- Views 365
It takes an army of immune cells to defend the body against infection. But sometimes the body’s immune system mistakenly attacks its own cells and chronic inflammatory conditions develop. In multiple sclerosis – also known as “MS” – a horde of immune cells infiltrate the brain and spinal cord, forming lesions which strip nerve cells of their insultation, a protective fatty material called myelin. Nerve cells become damaged, scarred and exposed, and this interferes with messages between the brain and other parts of the body.
Advanced imaging techniques have revolutionized the diagnosis of multiple sclerosis by capturing lesions as they develop in the brain and spinal cord. Researchers have also focused their efforts on understanding how immune cells activated in the blood stream invade the central nervous system. To better understand how a mistaken immune response leads to nerve damage in multiple sclerosis, a forensic examination of which immune cells accumulate in brain tissue to form lesions is needed. Standard techniques for analyzing whole tissue samples are however limited by design, capable of detecting only a few cell markers in one section of tissue.

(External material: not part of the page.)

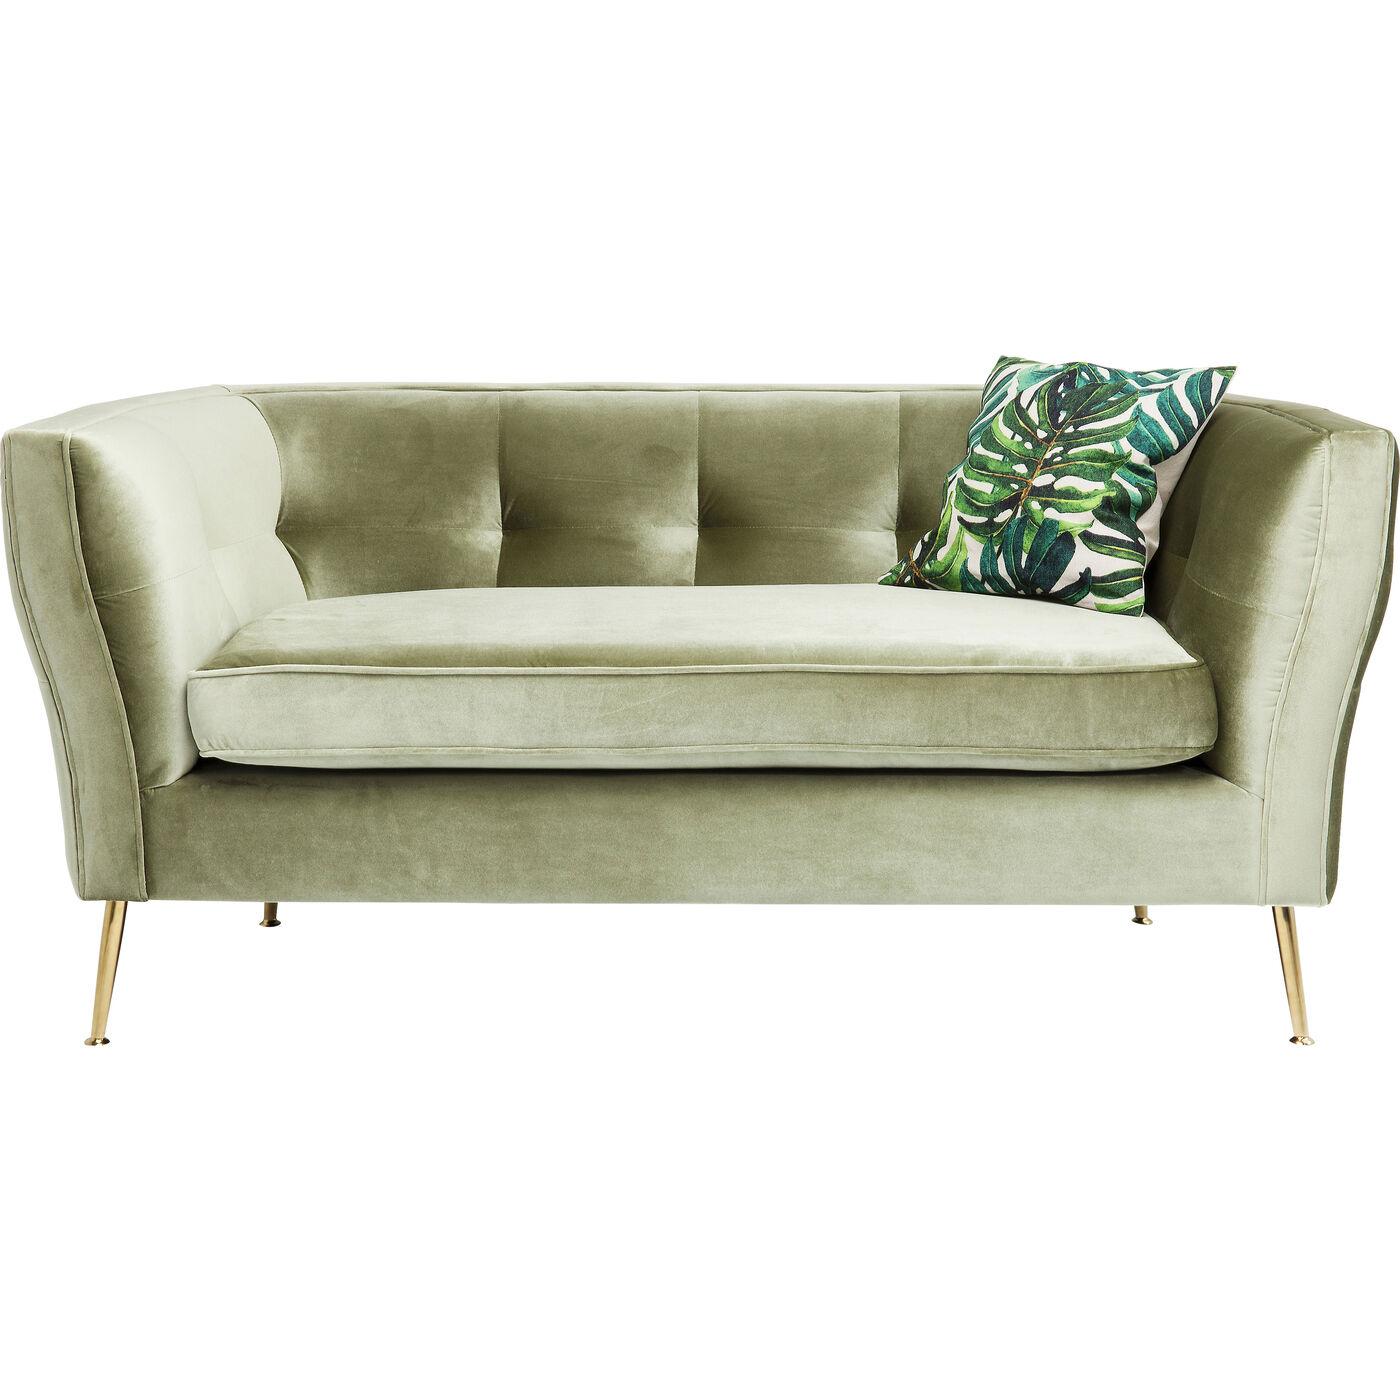 Sofa Rimini Green 2-Sitzer 170cm

Ramaglia et al. have now validated a new imaging technique for looking at an array of cell types in brain tissue in a single sample. The technique – called imaging mass cytometry (or IMC for short) – was used to look at post-mortem brain tissue from a multiple sclerosis patient with an acute form of the illness. The tissue examined had multiple sclerosis lesions present. Different types of immune cells were simultaneously identified and characterized using a panel of antibodies which recognize the signature proteins each immune cell makes when active. The state of the underlying myelin content of the tissue was also characterized.

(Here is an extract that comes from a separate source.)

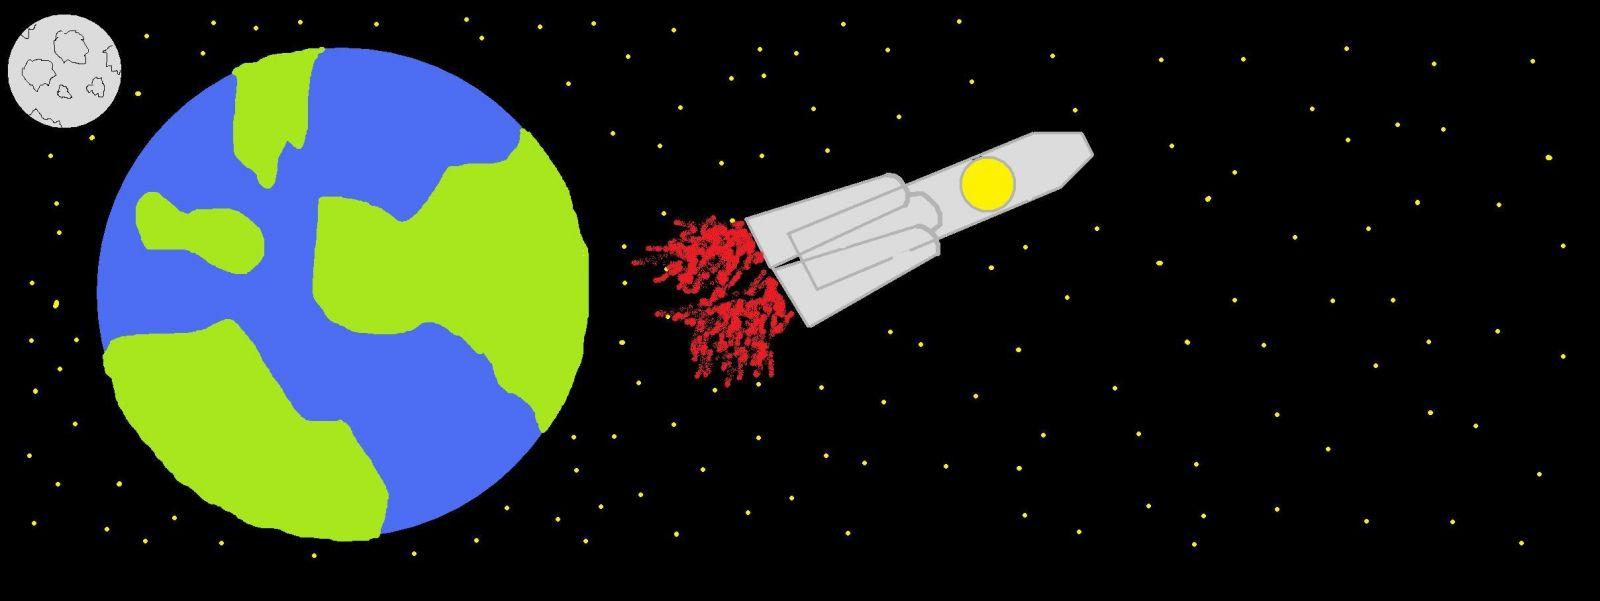 В открытом космосе шапошник илья 13

The imaging approach could distinguish between the immune cells of the brain (known as resident microglia) and a type of white blood cell summoned as part of the immune response (infiltrating macrophages). The analysis showed that, in the particular patient examined, microglia are abundant in active lesions in multiple sclerosis; also, different subsets of white blood cells were detected. Measuring how far different immune cells had migrated from nearby blood vessels added insights as to how immune cells move through the brain and which cells may have arrived first.
Altogether, Ramaglia et al. have shown that IMC can be used as a discovery tool to gain a deeper understanding of multiple sclerosis lesions and immune cells active in the inflamed brain. Further work will apply this now validated imaging approach to large cohorts of multiple sclerosis patients.